Наряду с типичными чертами протестующего гражданина Грибоедов вдохнул в Чацкого еще искру яркой индивидуальности, удивительного своеобразия, и это так примечательно, что, фигура литературная, создание творческой фантазии, Чацкий тем не менее похож на некоторых живых людей русской действительности. Литература и жизнь сошлись. Гончаров указывает на его сходство с Герценом и, особенно, с Белинским. У Белинского – «те же мотивы, и тот же тон, и так же он умер, уничтоженный мильоном терзаний, убитый лихорадкой ожидания и не дождавшийся исполнения своих грез, которые теперь уже не грезы больше».

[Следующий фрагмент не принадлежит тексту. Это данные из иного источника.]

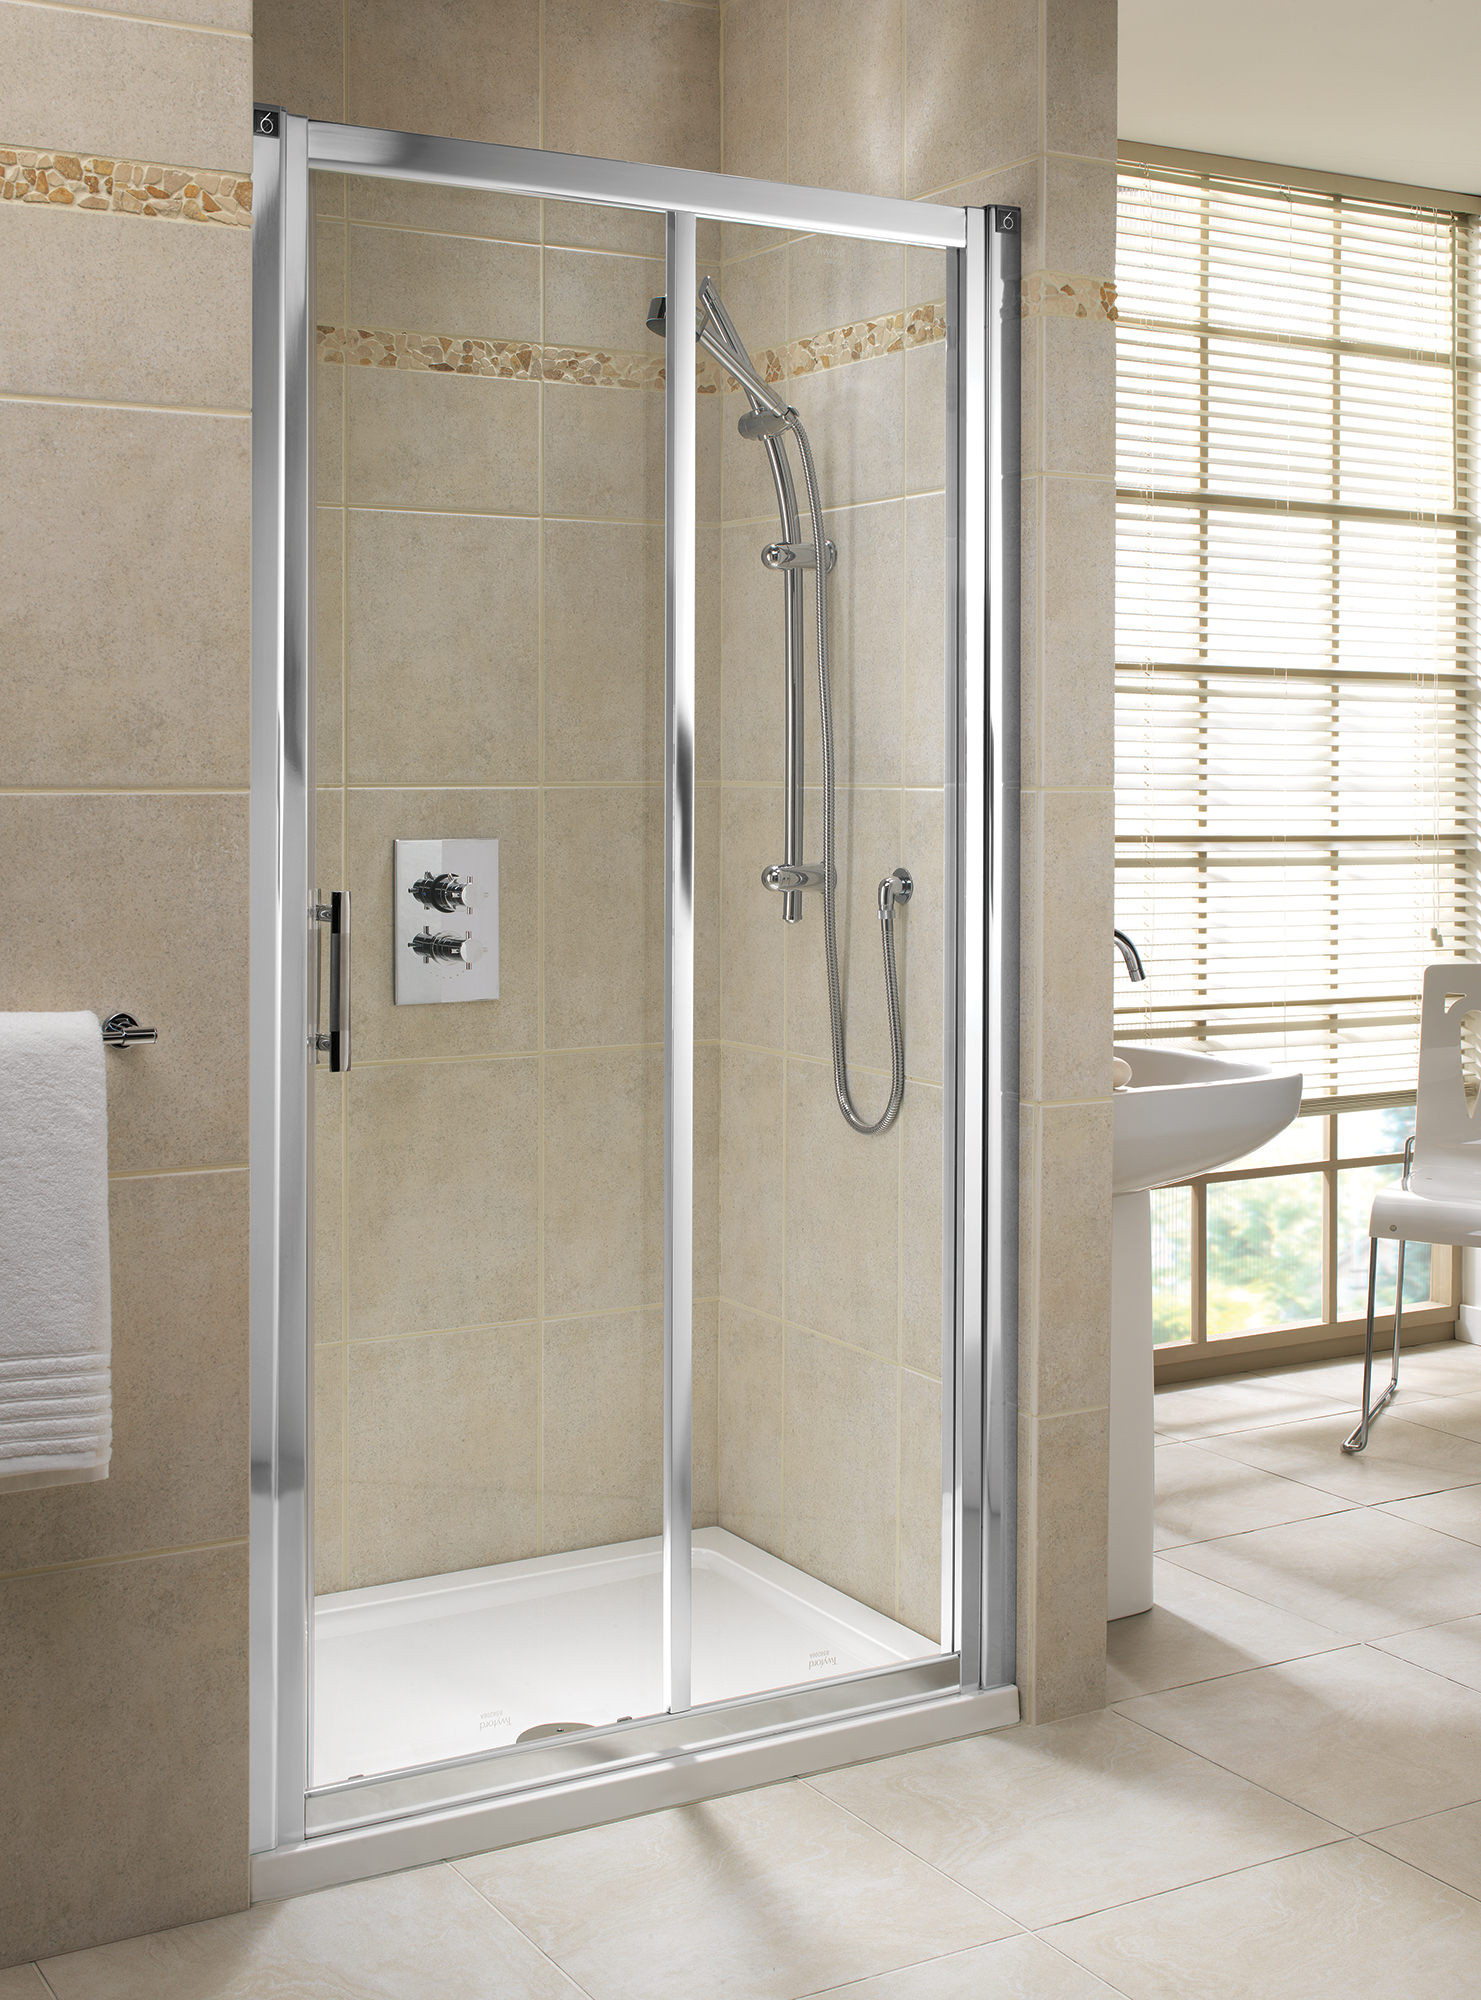 Bathroom Shower Doors
 Twyford Geo6 1200mm Sliding Shower Door Left Right Hand
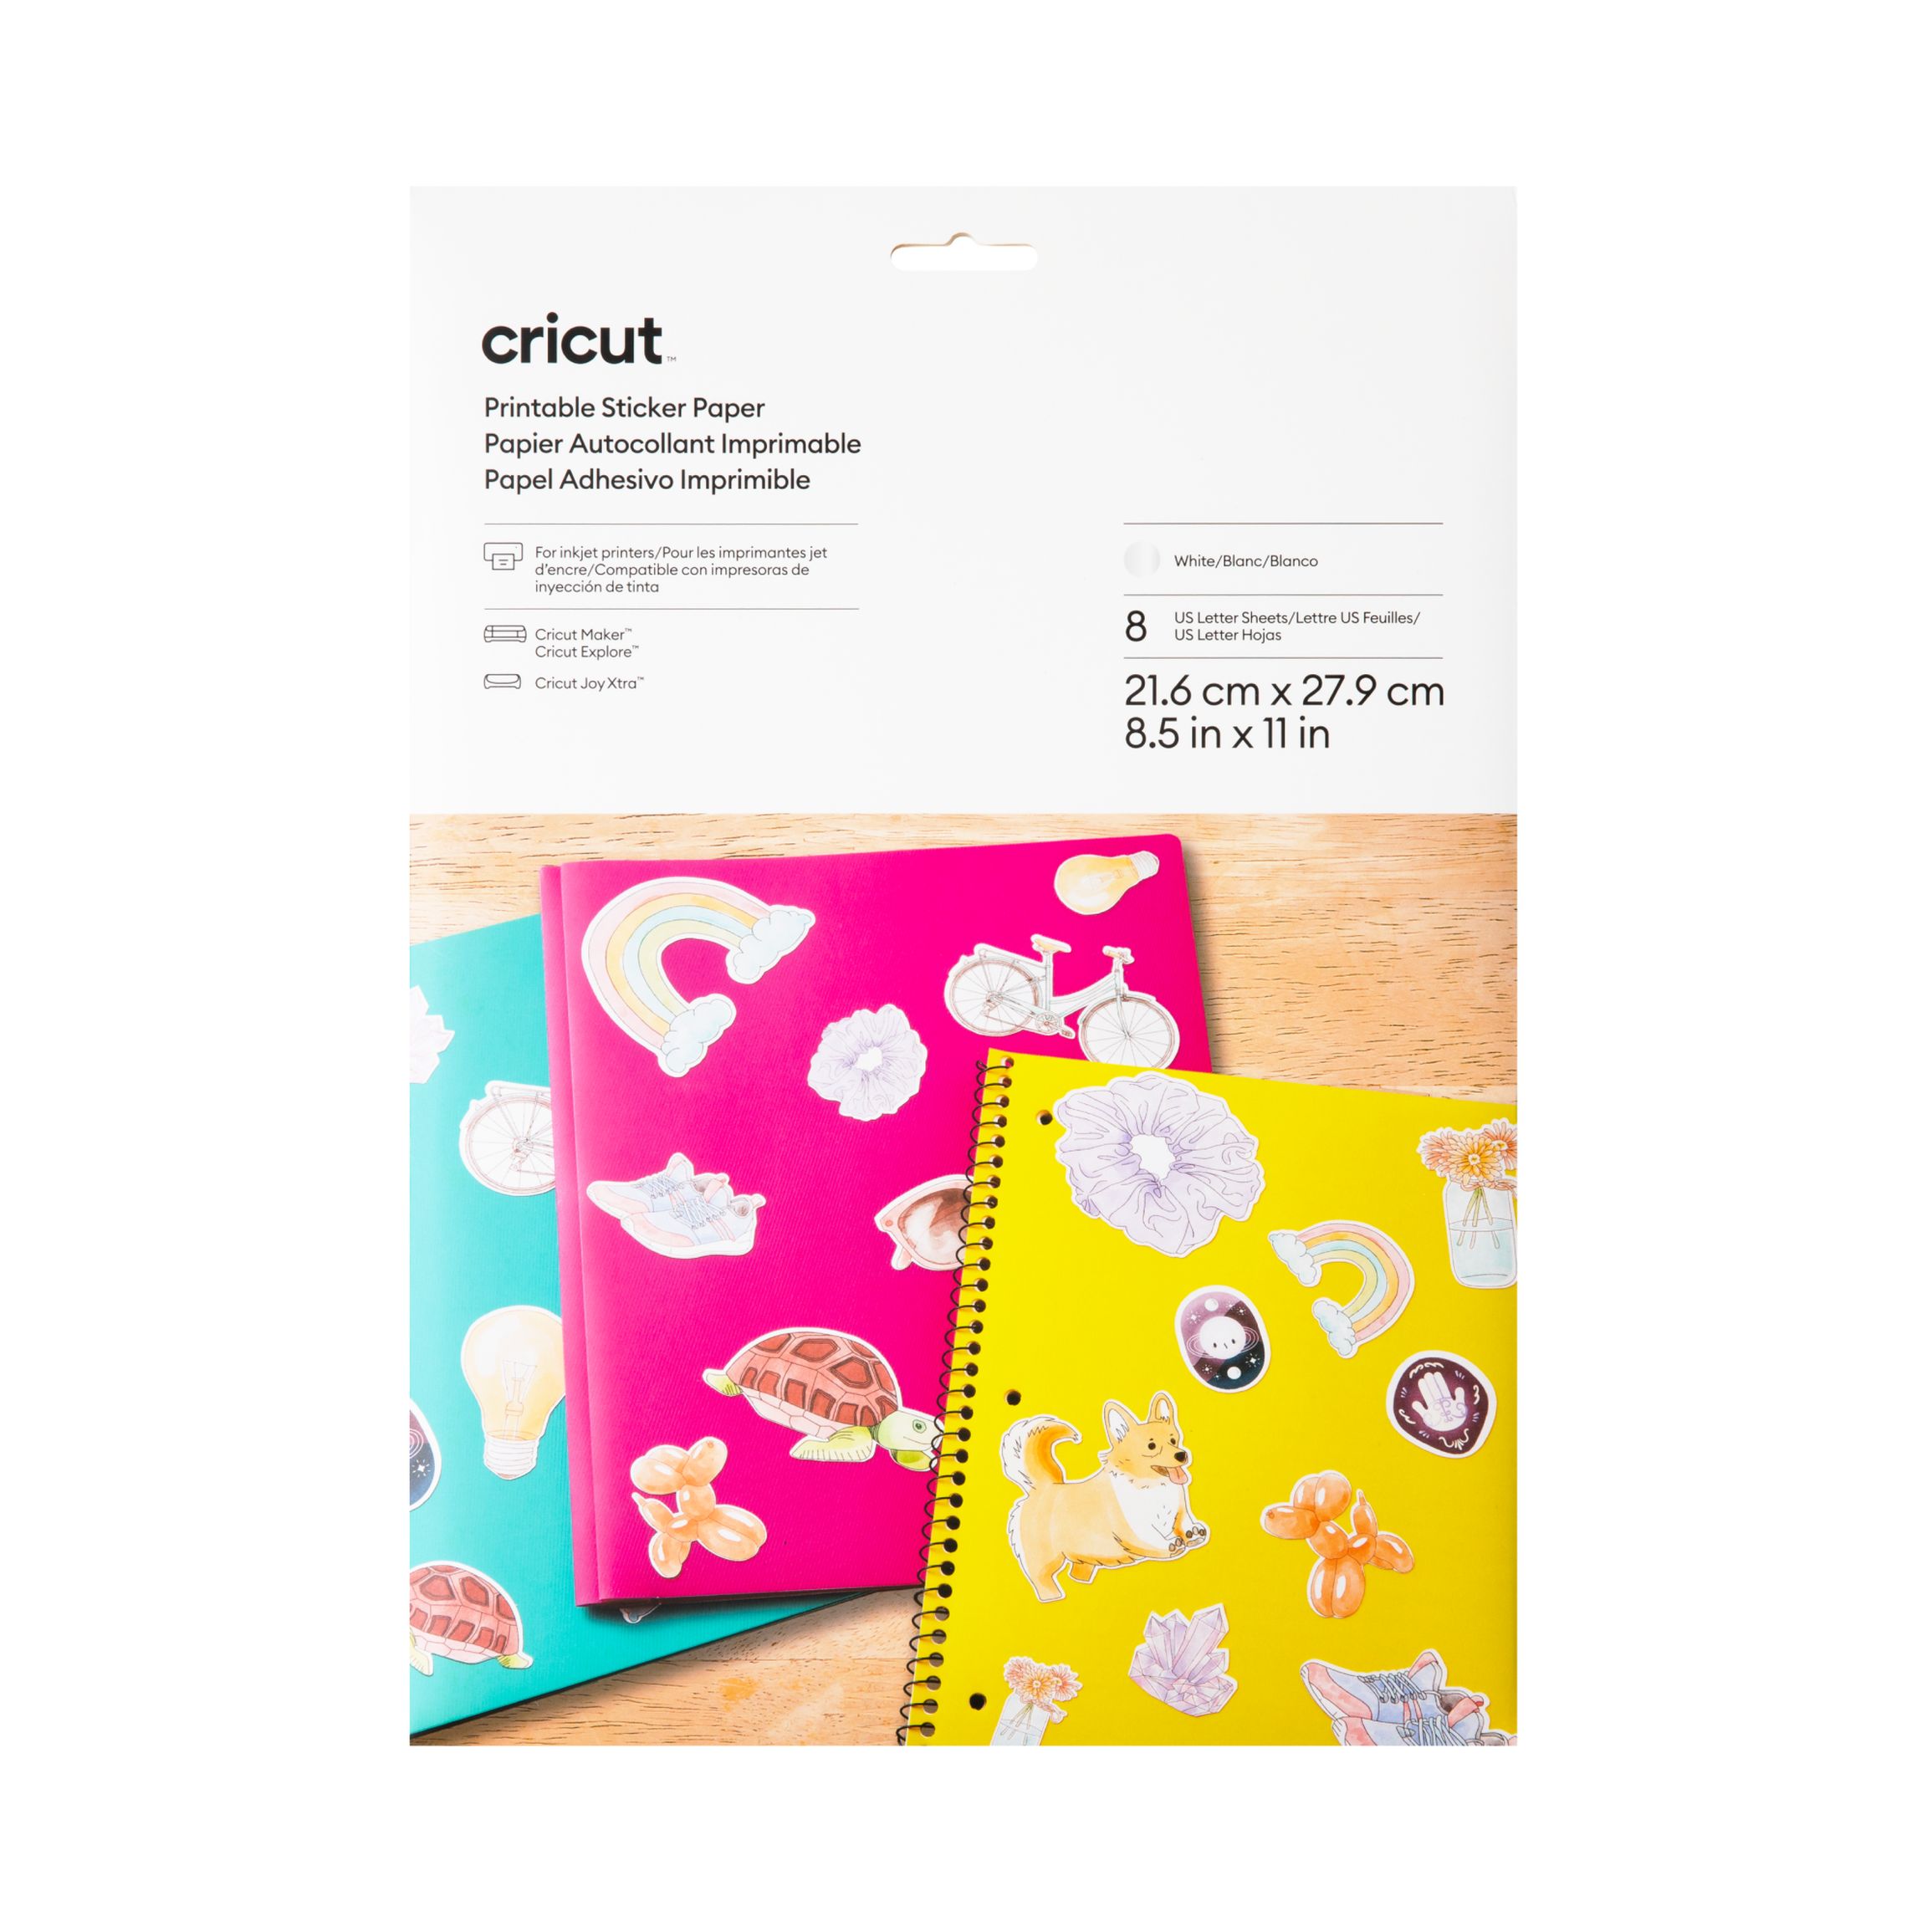 Printable Sticker Paper - US Letter (8 ct) | Cricut
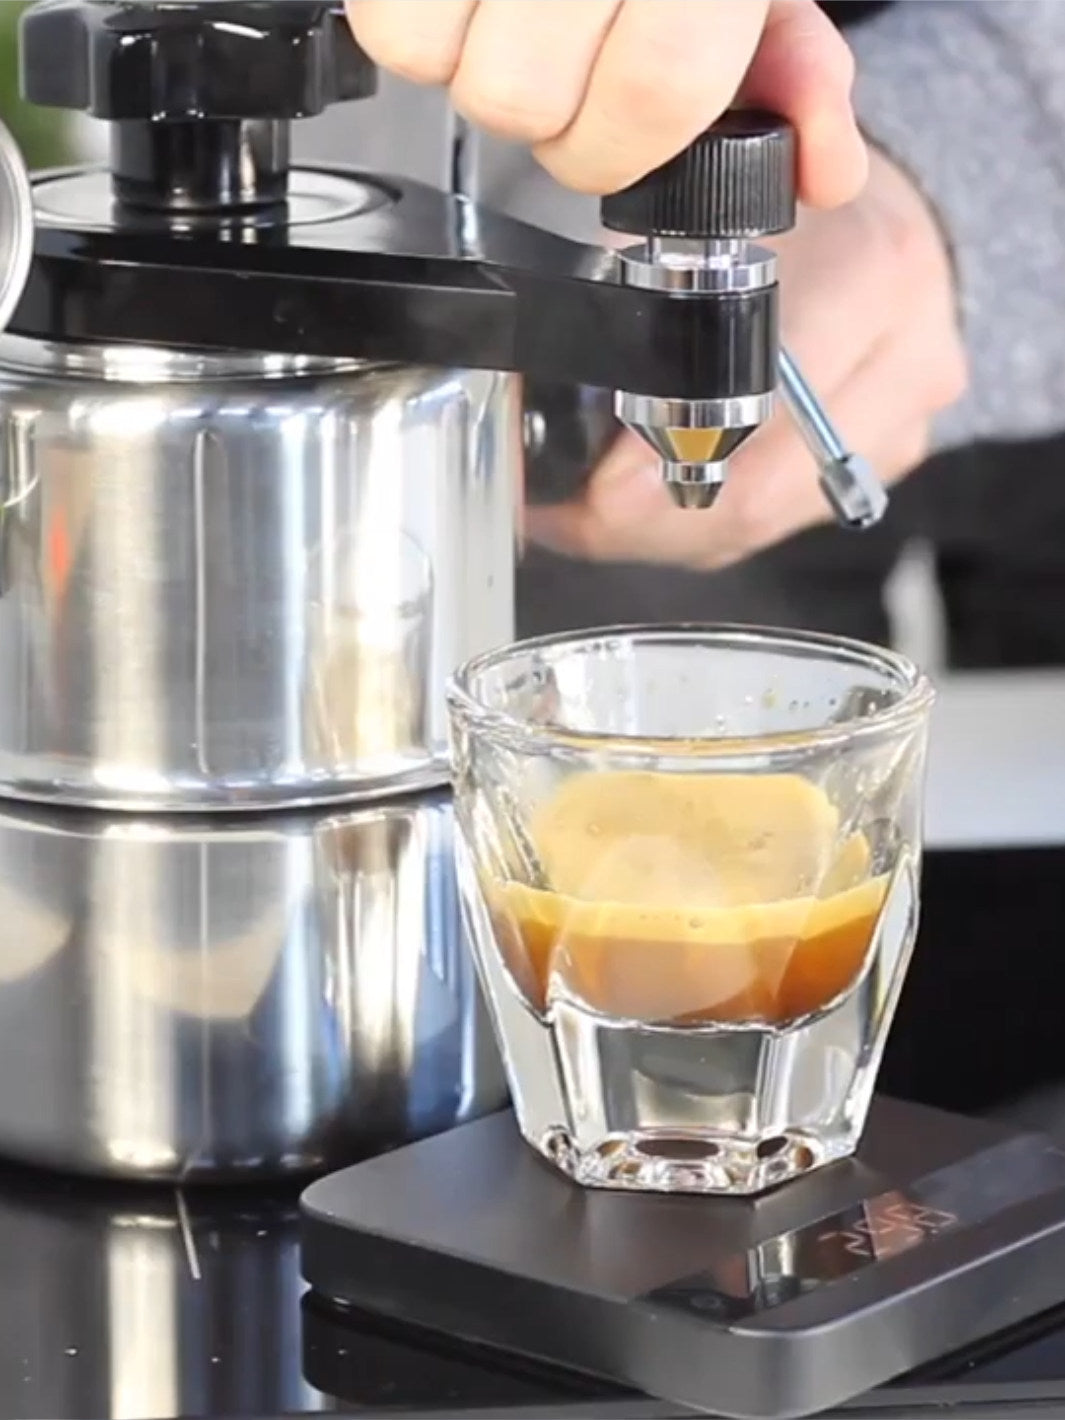 BELLMAN Stovetop Espresso & Cappuccino Maker with Pressure Gauge

Своеобразие Чацкого, кроме его симпатичной несдержанности, заключается и в том, что ум у него «с сердцем не в ладу». Это сердце у него – ласковое, нежное, горячее, и «каждое биение» в нем «любовью ускоряется». Когда он просит у Софьи ответной любви и хочет разлучить ее с Молчалиным, он ссылается не на преимущества своего ума – он говорит о своей страсти, о чувстве, о пылкости; любовь и вправду делает его сумасшедшим. Его достоинство – в том, что он способен с ума сойти. Он не враг людей: он «весел и чувствителен», вовсе не мизантроп, и в этом отношении не похож на своего близкого родственника, мольеровского Альцеста. Он даже не замечает своей язвительности и с недоумением спрашивает у Софьи:
Послушайте, ужель слова мои все колки И клонятся к чьему-нибудь вреду?И в смехе его больше горечи, чем злобы, и в шутках своих он менее всего походит на полковника Скалозуба (который ведь тоже шутит).
Но хотя язвительный ум Чацкого и его любящее сердце не ладили между собою, они в конце концов нашли себе печальное примирение: им встретился один и тот же соперник, их соединила общая горькая судьба и слила одна невзгода. Чацкий страдает и как гражданин, и как любовник, он оскорблен и в своих общественных идеалах, и в своем чувстве. И самая отчужденность его от Софьи служит лишь роковым проявлением его общего одиночества и сиротства в Москве, в России.